As I’m trying to rest and not look at my house that needs cleaning I receive a text from a young woman I had talked to about a week ago about possibly cleaning for me. Since I’d not heard back from her, I had assumed (dangerous thing to do) that she didn’t have time in her schedule. There was her text right in front of me, an answer to prayer “I can clean for you!” Provision rather than any condemnation from my Heavenly Father.
My sweet husband encouraging me to rest and enjoy my day. Continually checking back with me for anything I may need. Even offering to shoulder by himself some “grown-up decisions” as he calls them that we need to make as a couple if I’m not up to it. Again, no condemnation, just love.
As I walked into church this morning the woman that greeted me hugged me and said “you need more joy” however as her comment went through my measuring-stick filter all I heard was “I’ve let you down too, I’m not joyful enough”. Where really, with the benefit of hindsight, she was right I do need more joy – who doesn’t??
But what caught my attention the most was the teaching. It was no coincidence this woman was teaching this message today. As I listened almost everything she was sharing matched up with how God has revealed Himself to me and what I’ve been sharing on this blog. That it is really hard to trust God when You have God’s nature confused with the authority figures you have experienced in this world; that there is nothing in our hearts that surprises God even though it may surprise us; that He really is who He says He is “Merciful, Gracious, Slow to Anger, Abounding in Loving Kindness and Truth” (Exodus 34:6); and, sometimes we get it right; sometimes we don’t.
The light started to dawn … confirmation that what I’m sharing really is true … God is revealing to her the same things He is revealing to me … I am not a fraud … sometimes I get it right; sometimes I don’t. Just because I’m blogging about unconditional hope, doesn’t mean my heart doesn’t get to be real when I’m worn out and it is hard to hope.

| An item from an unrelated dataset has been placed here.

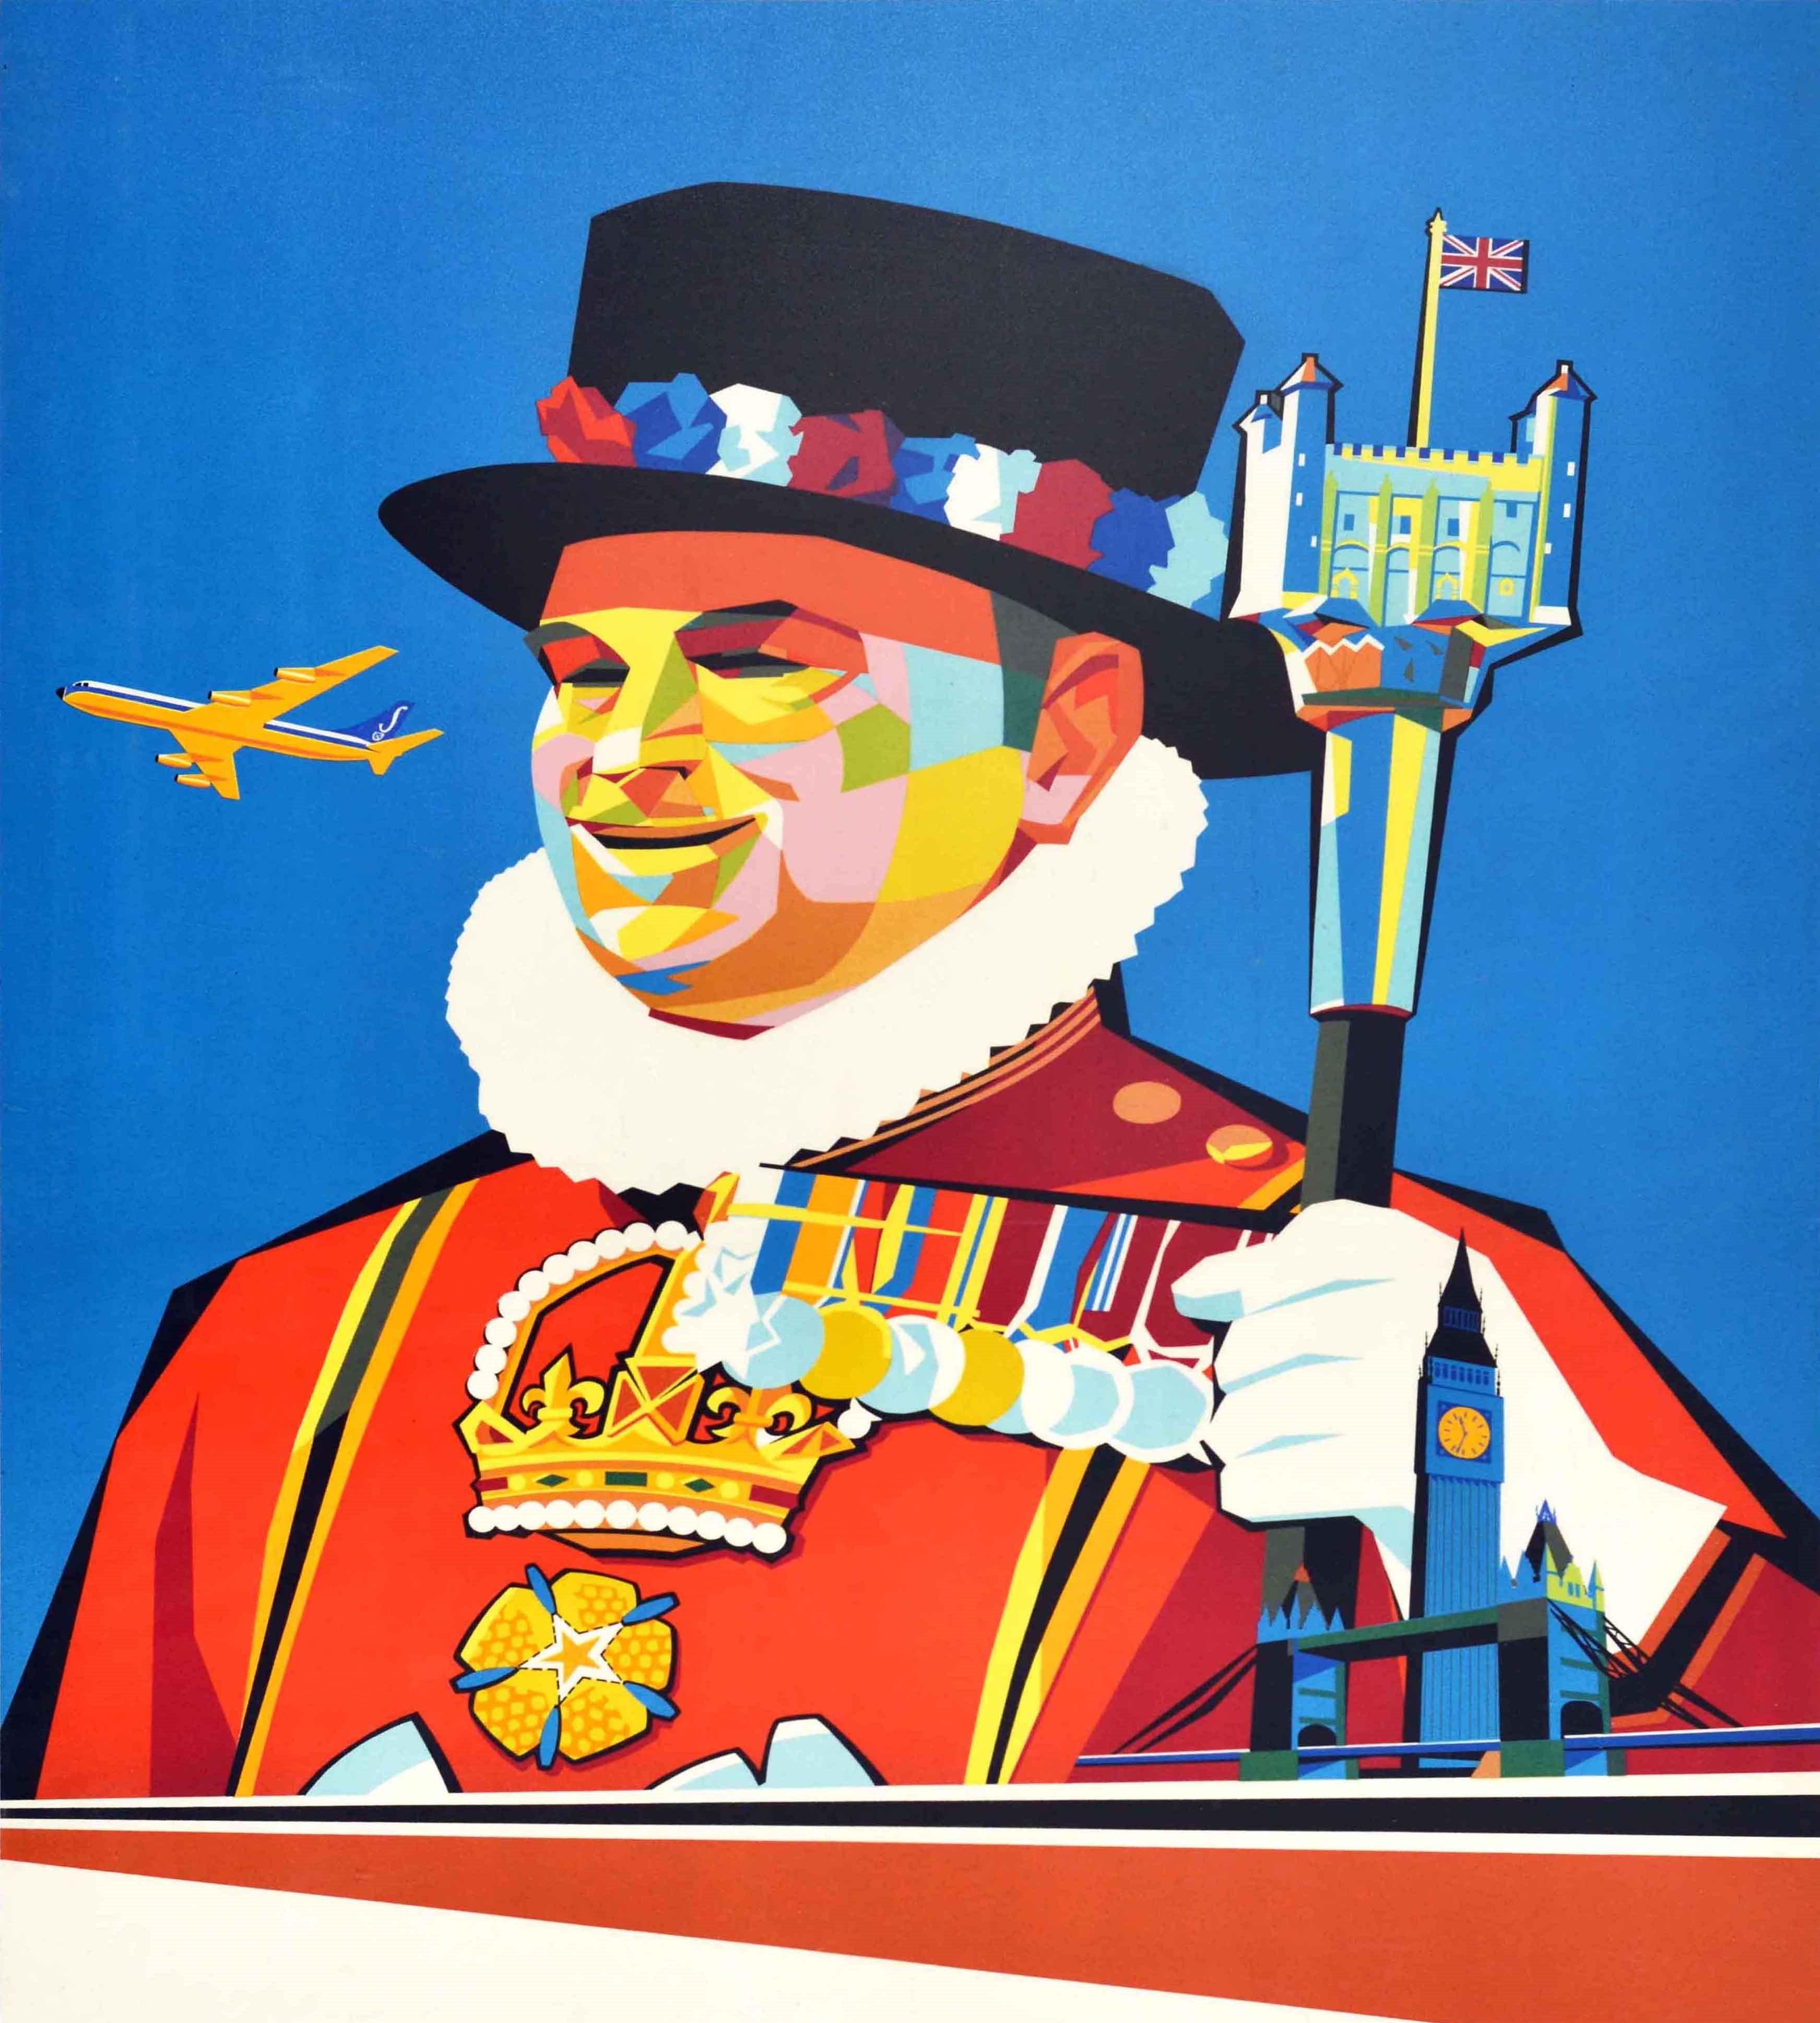 Original Vintage-Reise-Werbeplakat für London von Sabena Belgian Airlines mit einem fantastischen und farbenfrohen Design aus der Mitte des Jahrhunderts, das einen Beefeater / Yeoman Warder zeigt, der einen Stock hält, auf dem der Tower of London

Flawed yet fully loved not because of anything I have or have not done, but because of who Jesus is and what Jesus has done. The pressure is off. I can rest. Care to join me?
Come to Me, all you who labor and are heavy-laden and overburdened, and I will cause you to rest. I will ease and relieve and refresh your souls.
Matthew 11:28 (Amplified)
Yup, I’m trading in my measuring stick for God’s love. Pretty good trade don’t you think?